* Dataset content *
■ ■ ■

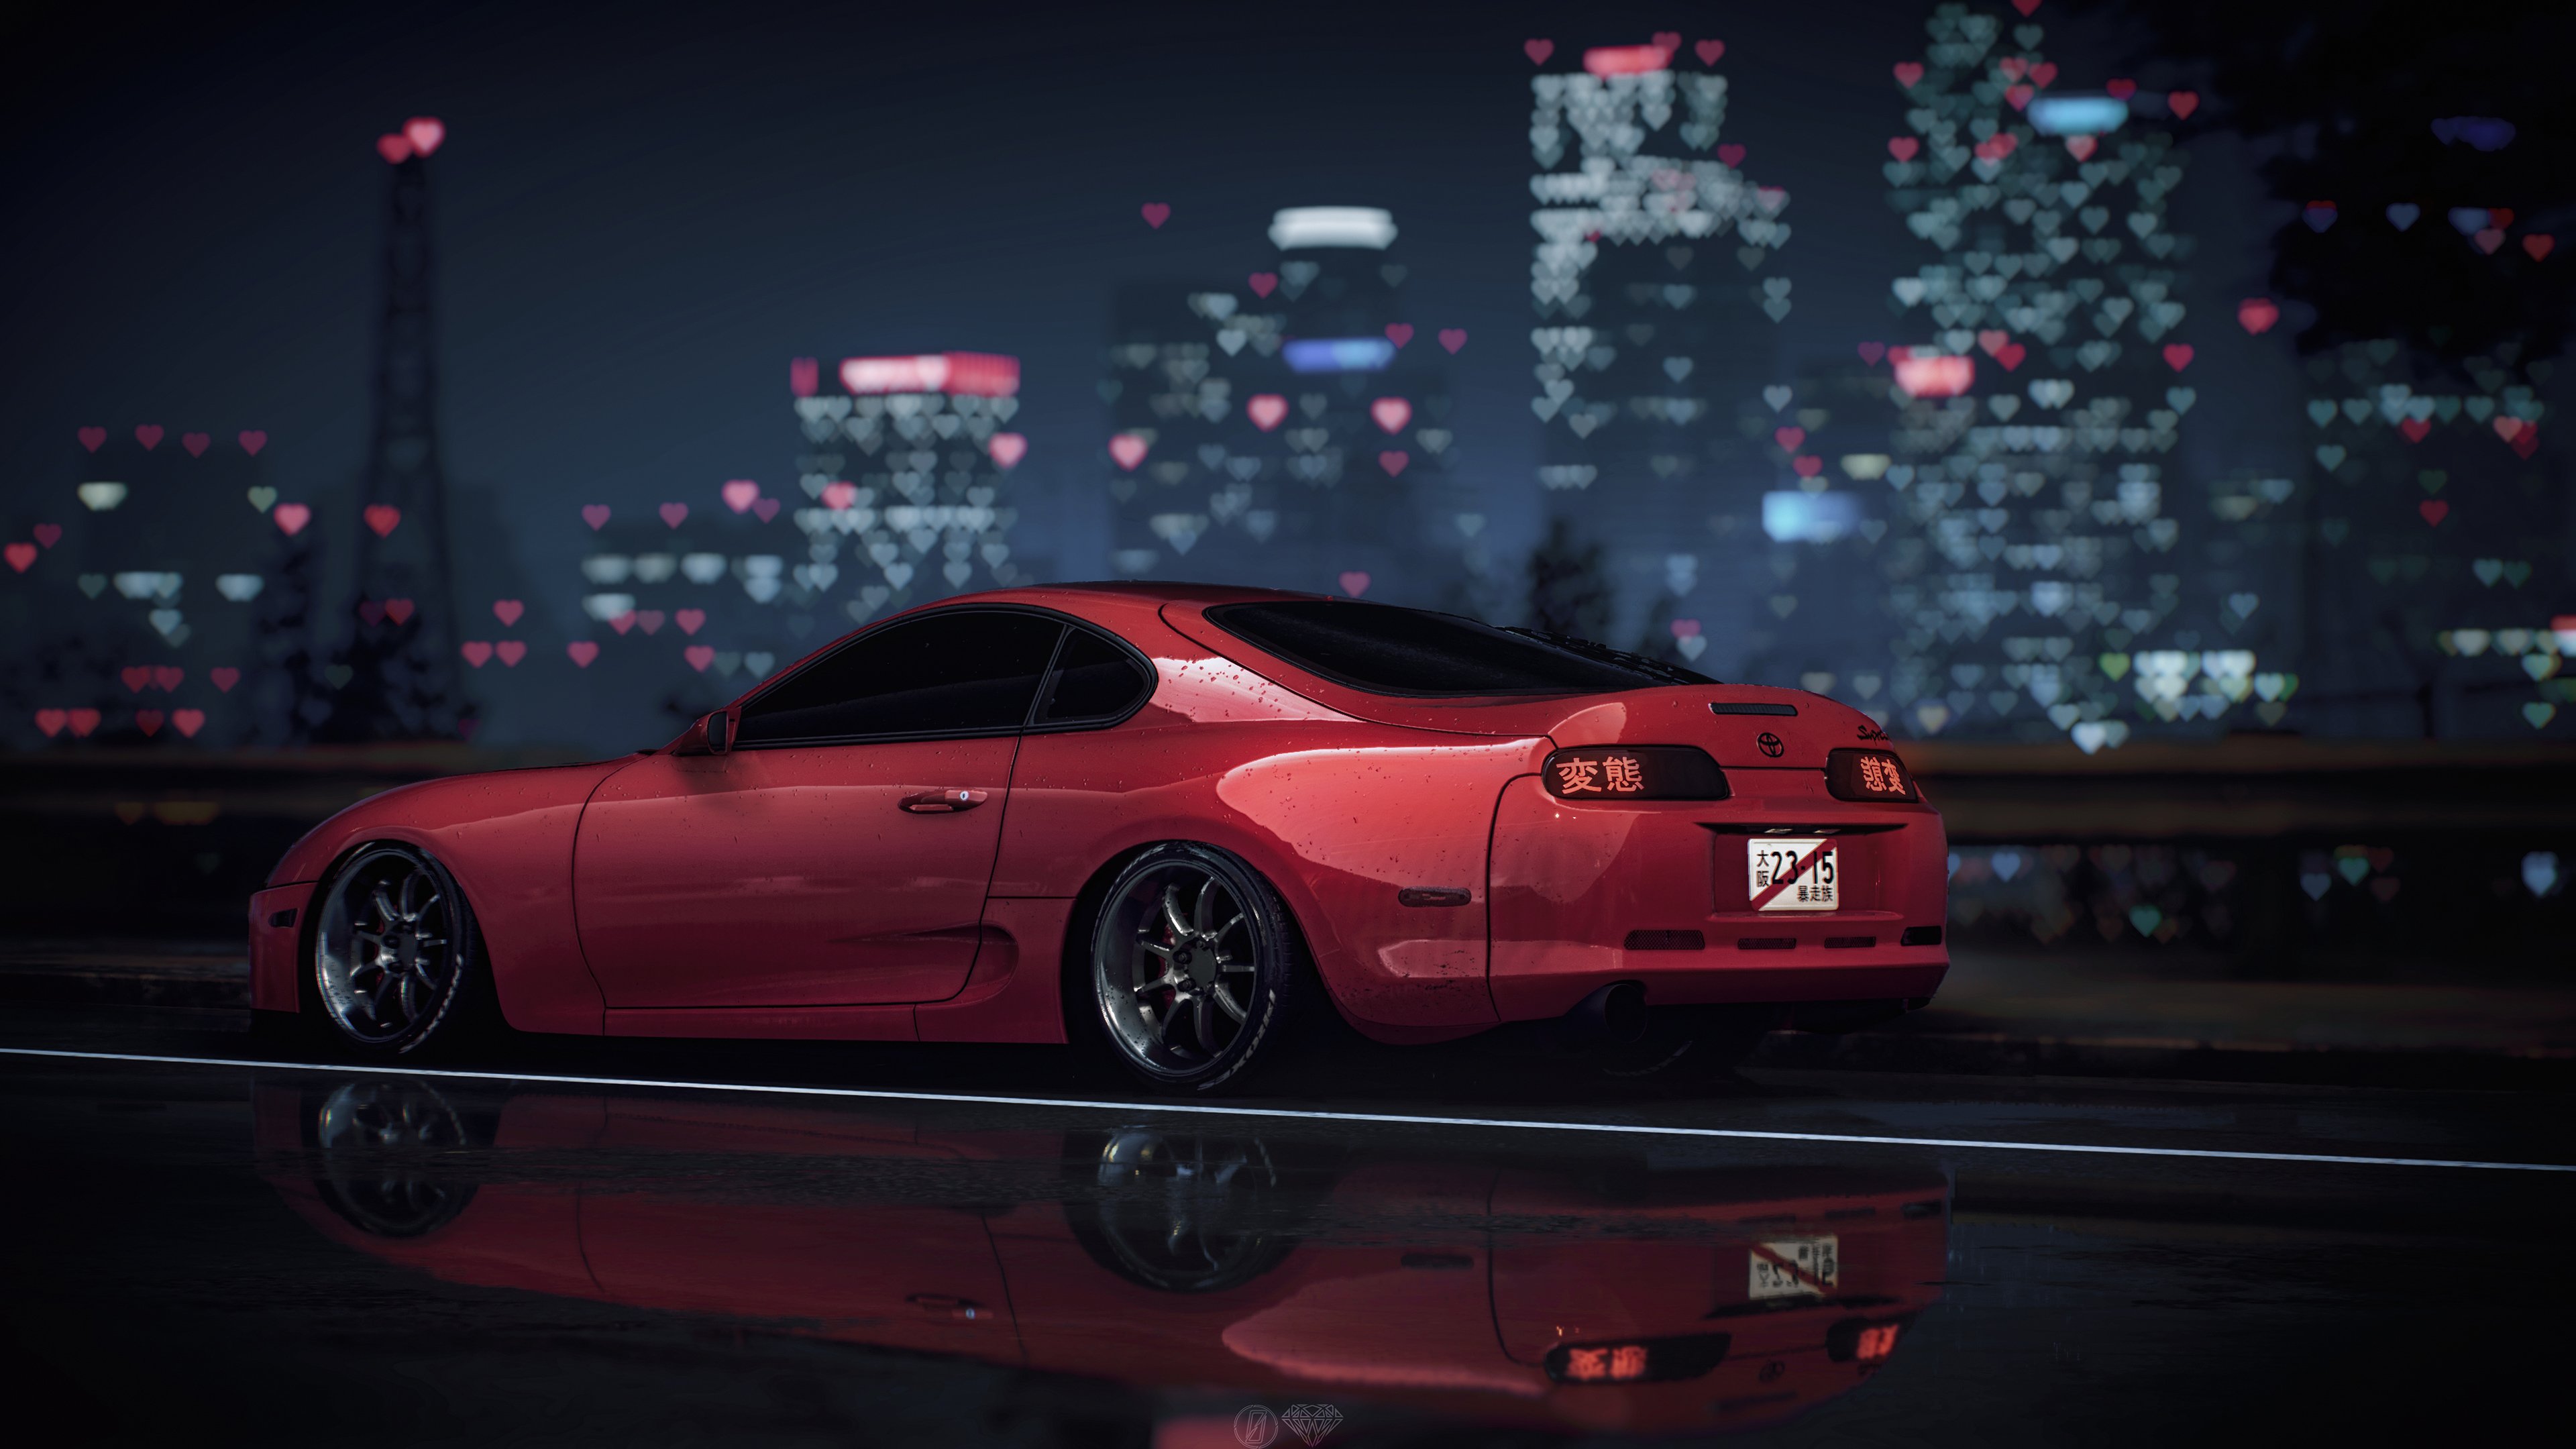 5837176 toyota supra need for speed games hd 4k cars   Cool 3840x2160
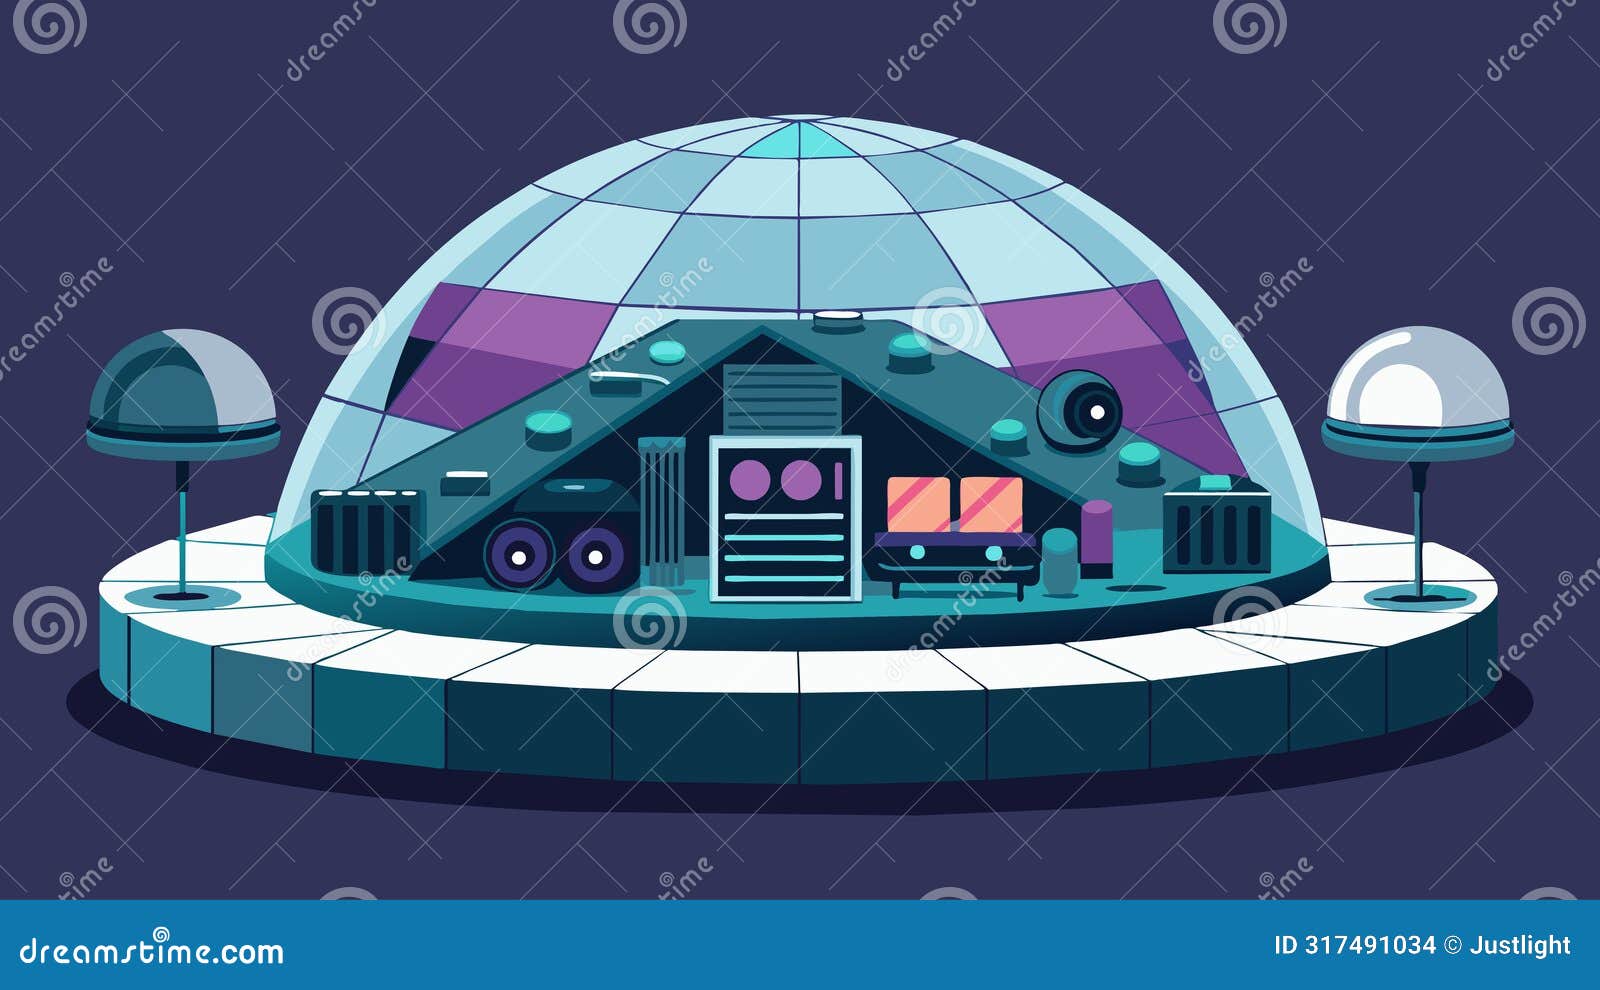 a futuristiclooking dome structure that serves as a hub for digital music creation featuring stateoftheart music
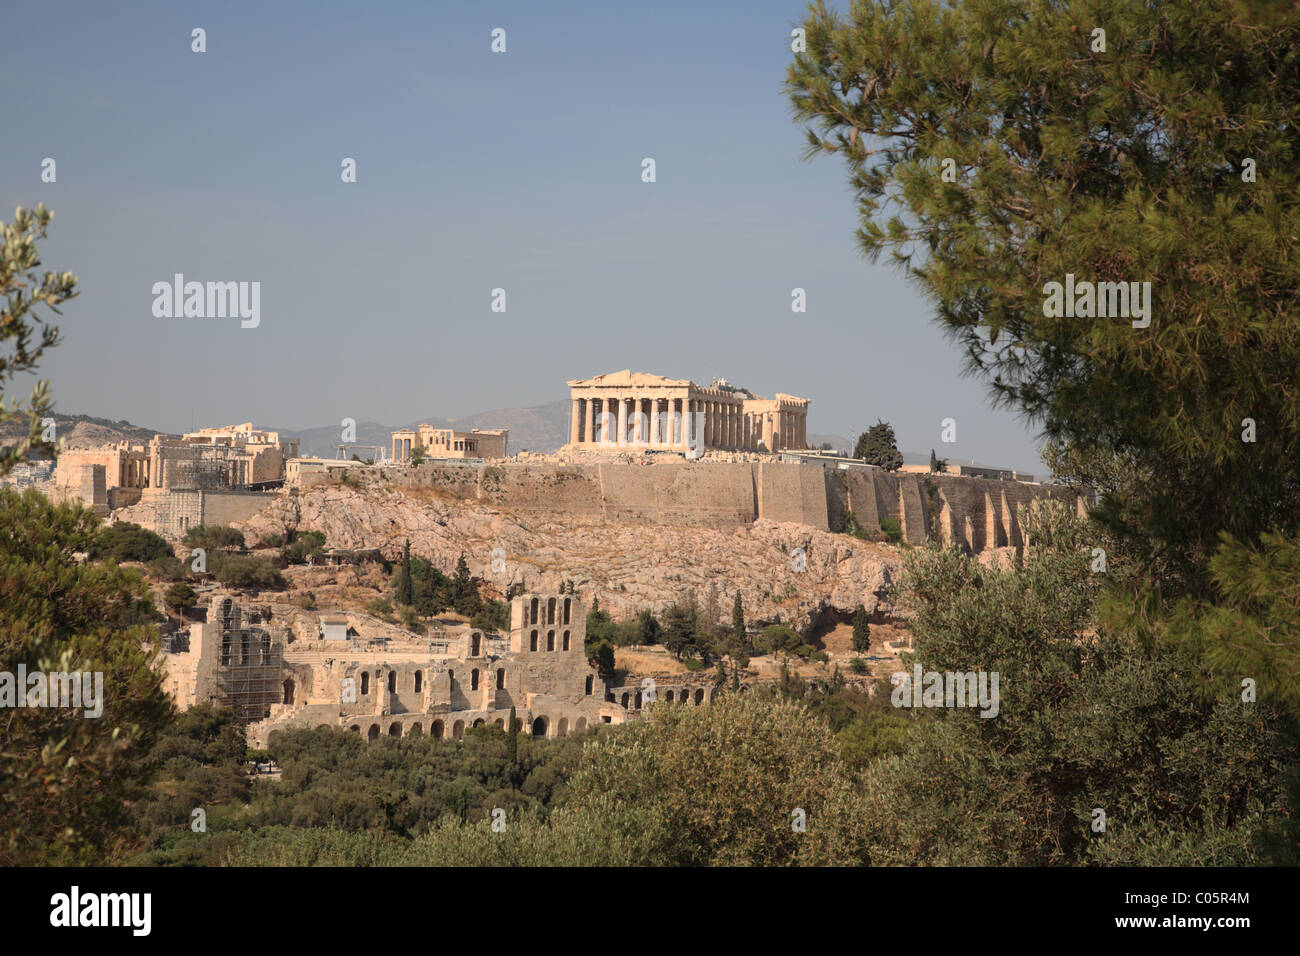 View of the Acropolis, Herodes Atticus Theatre and Parthenon from Filopappos Hill, Athens, Greece, Stock Photo
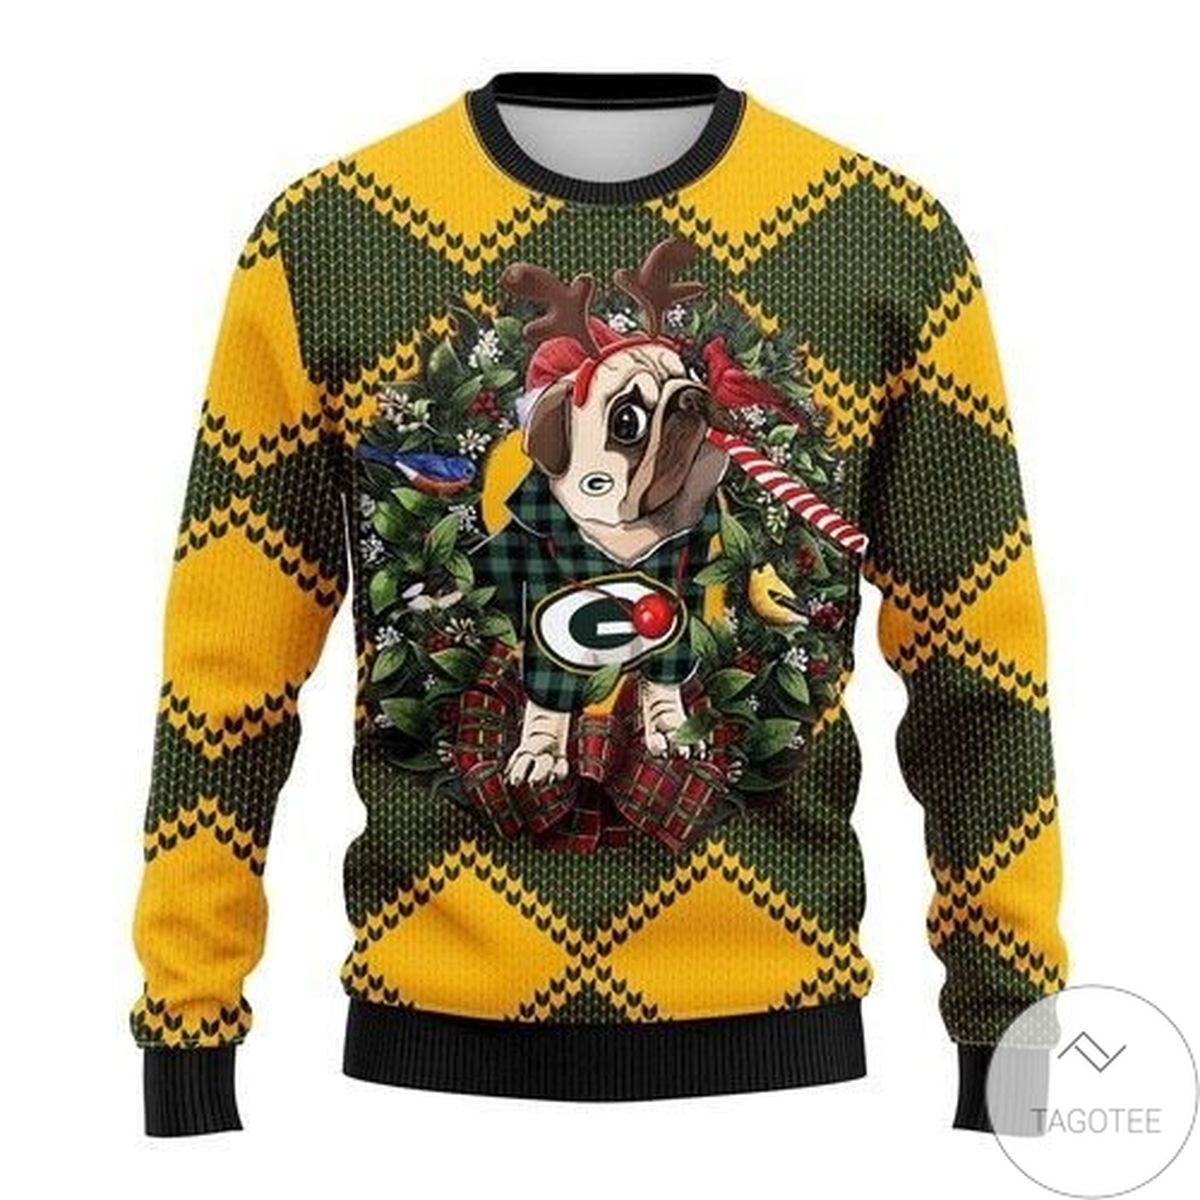 Nfl Green Bay Packers Pug Dog Ugly Christmas Sweater

■ ■ ■

* Aim of the task *
Please retype the whole listing above exactly, without any of its images.

* Response *
 5837176 toyota supra need for speed games hd 4k cars   Cool 3840x2160
 a futuristiclooking dome structure that serves as a hub for digital music creation featuring stateoftheart music
 View of the Acropolis, Herodes Atticus Theatre and Parthenon from Filopappos Hill, Athens, Greece, Stock Photo
 Nfl Green Bay Packers Pug Dog Ugly Christmas Sweater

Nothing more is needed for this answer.